Özgürlükler söz konusu olduğunda hiçbir şekilde taviz vermeyeceklerini belirten Davutoğlu, "Özgürlük insanın onurunun en temel ilkesidir. İnsan olmak, özgür iradeyle hareket edebilmekle mümkündür. İnsanın diğer canlılarda olmayan en temel vasıf, özgür iradeyle hareket edebilmesidir, eşref-i mahlukat olması da bundandır. Bu topraklarda kimse bu topraklarda eşref-i mahlukat olan insanın bundan sonra şu veya bu otorite adına müdahil olamayacak, baskı yapamayacak.
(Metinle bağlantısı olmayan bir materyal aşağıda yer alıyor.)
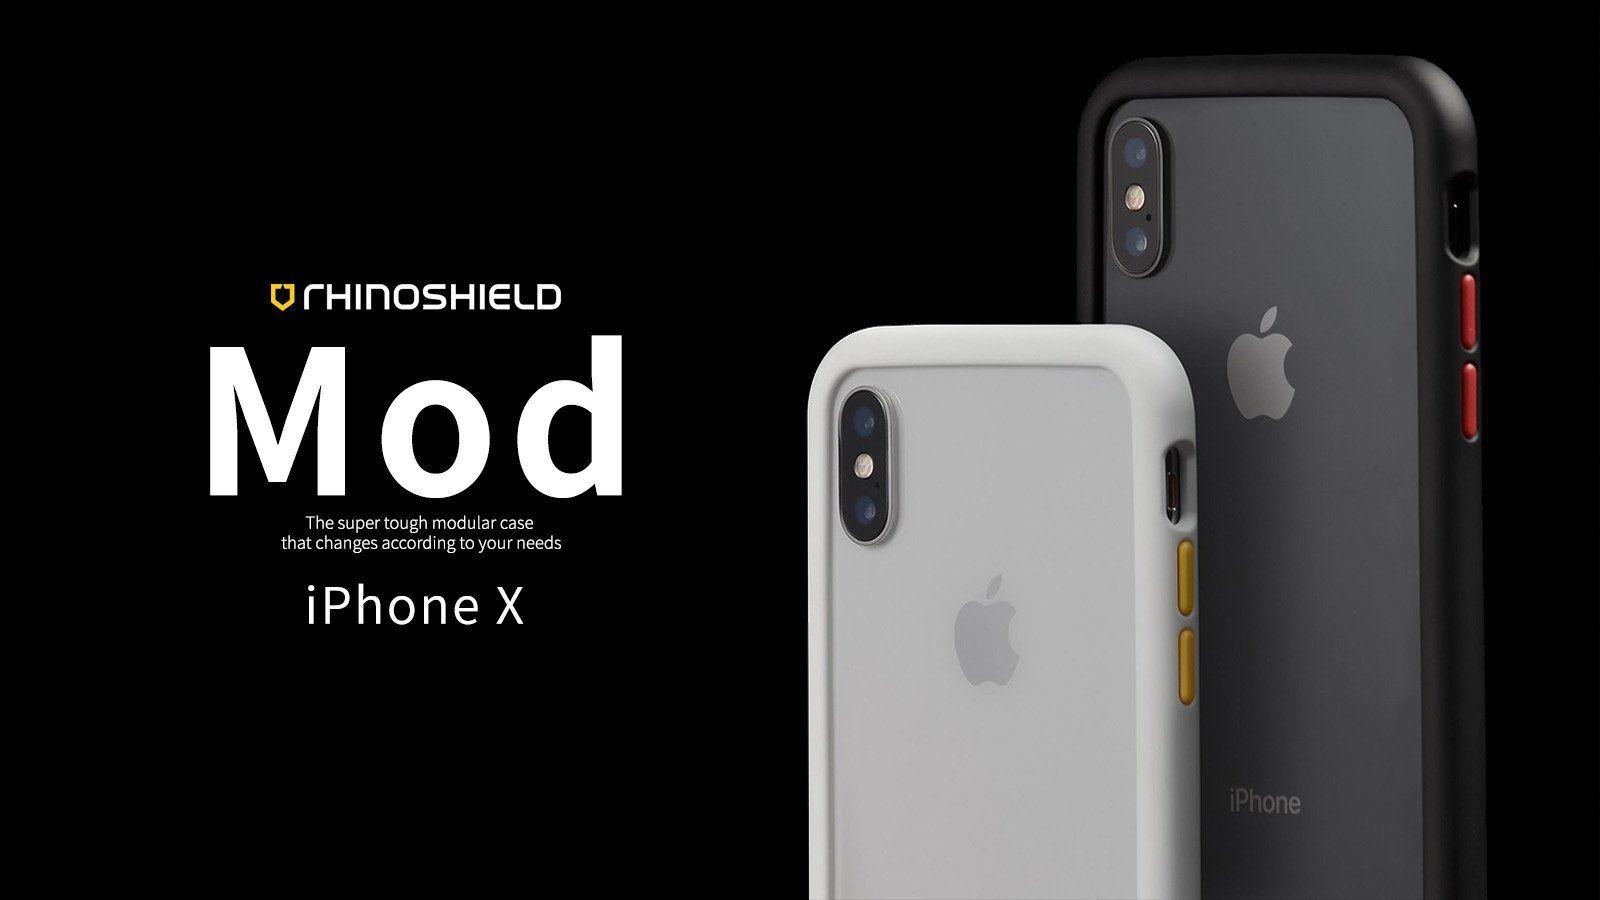 Rhino Shield MOD 邊框背蓋兩用殼 iPhone X Iphone

Tek parti zihniyetinin dayandığı yasaklayıcı, kısıtlayıcı bütün yaklaşımlar ayaklarımızın altındadır, ayaklarımızın altında olacaktır" ifadelerini kullandı.
"CHP TÜRK, HDP KÜRT BAASI"
"Çok çarpıcı bir tabloyu sizlerle paylaşmak isterim" diyen Davutoğlu, şöyle devam etti:
"Geçtiğimiz günlerde HDP, Diyarbakır’da yapılan bir şeyde, Anadolu’nun birçok yerinde yaşanan halen yaşanmakta olan bir kültürün parçası olarak ’mesture’, ’çarşaflı’ hanımları tahkir eden bir müsamere gösterdi ve bunu bir özgürlük gibi yansıtmaya çalıştı. Hep dedim ya ’CHP Türk Baası’dır, HDP Kürt Baası’dır.’ Aynı ideolojinin iki yansıması. Eskiden olurdu, bizim çocukluğumuzda neredeyse Anadolu insanının, neredeyse Sütçü İmam’ın uğrunda şehit olduğu o örtüyü tahkir eden müsamereleri CHP zihniyeti okullarda, tiyatrolarda sergilerdi. Bunu da çağdaşlık zannederdi, şimdi HDP aynısını yapıyor. Onların savaşı otoriteyle veya herhangi bir yanlışlıkla değil onların savaşı bizim milletimizin değerleriyle aziz Kürt vatandaşlarımızın bunun farkında olduğunu biliyorum. Türkiye’nin şu veya bu köşesindeki milli değerlere, örfi uygulamalara savaş açan CHP zihniyetiyle HDP zihniyeti aynı anlayışı yansıtır. Onlar ne derse desin biz, bu ülkede mutlak anlamda kıyafet, düşünce, fikir, basın yayın özgürlüğünü, seçme ve seçilme özgürlüğünü koruduk, korumaya devam edeceğiz."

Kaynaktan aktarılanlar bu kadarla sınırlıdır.